In each bag I put one short rib seasoned with salt & pepper, sprig of rosemary, crushed clove of garlic, tbs tomato paste, & a slpash of red wine.  Sealed the bags up & in the sous vide for 24 hrs. at 180...steained the cooking liquid skimmed the fat & reduced finished w/ salt & pepper & a splash of balsamic vinegar.   Put the short ribs in pan & about 10 minutes under the broiler.

Holy goodness.













20170128_163715.jpg



__ murraysmokin
__ Jan 29, 2017


















20170129_165226.jpg



__ murraysmokin
__ Jan 29, 2017


















20170129_165448.jpg



__ murraysmokin
__ Jan 29, 2017


----------



## bellaru (Jan 29, 2017)

Holy goodness indeed!
Looks great, nice work


----------



## murraysmokin (Jan 29, 2017)

Bellaru said:


> Holy goodness indeed!
> Looks great, nice work



Thanks that long cook on these was crazy, buttery melt in your mouth.


----------



## chopsaw (Jan 29, 2017)

Looks good . How was the texture of the meat ?


----------



## murraysmokin (Jan 29, 2017)

chopsaw said:


> Looks good . How was the texture of the meat ?

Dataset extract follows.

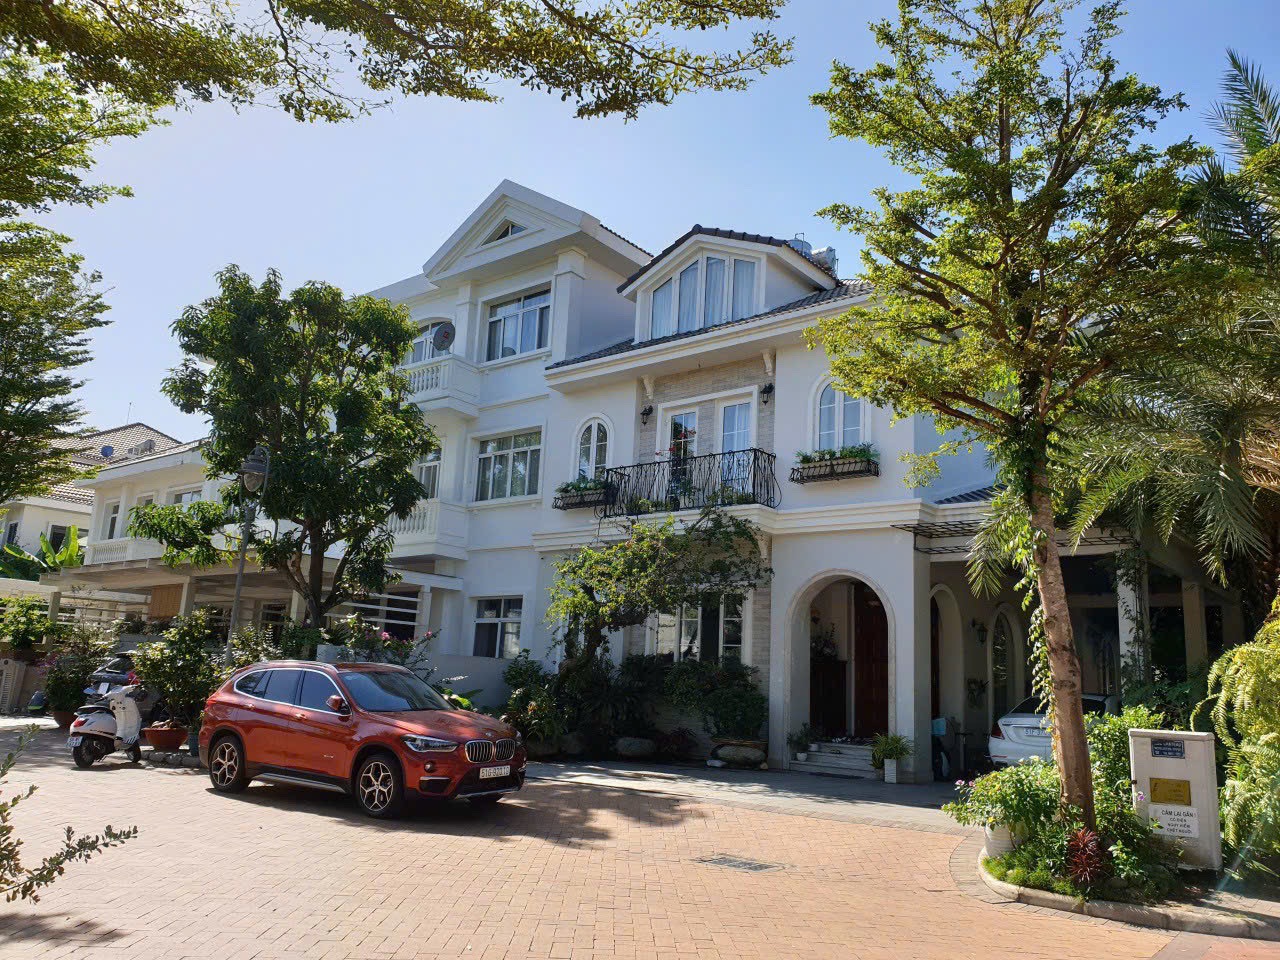 Bán biệt thự Saigon Pearl - Bình Thạnh sát sông SG giá 73 ty rẻ nhất khu, DT 7x21m - hầm + 4 lầu

The texture was great really tender almost buttery with the marbling in there...will def be done again.


----------



## SmokinAl (Jan 30, 2017)

About all I can say is WOW!

They look delicious!

Al


----------



## murraysmokin (Jan 30, 2017)

SmokinAl said:


> About all I can say is WOW!
> 
> They look delicious!
> 
> Al



Thanks Al they really did turn out good.


----------



## dirtsailor2003 (Jan 30, 2017)

Looks tasty! I have some beef ribs I have been thinking about doing. Not sure I'll Sous Vide them though.


----------



## murraysmokin (Jan 30, 2017)

dirtsailor2003 said:


> Looks tasty! I have some beef ribs I have been thinking about doing. Not sure I'll Sous Vide them though.



DS...i would normally braise them in the dutch oven but wanted to give this a go & am glad i did they were very good.  The juice made for a great reduction sauce.


----------



## smokeymose (Jan 31, 2017)

I keep lingering over the short ribs at the grocery. You've convinced me me to pick some up next time!


----------



## murraysmokin (Jan 31, 2017)

SmokeyMose said:


> I keep lingering over the short ribs at the grocery. You've convinced me me to pick some up next time!



Heck yeah these were on sale couldnt go wrong.


----------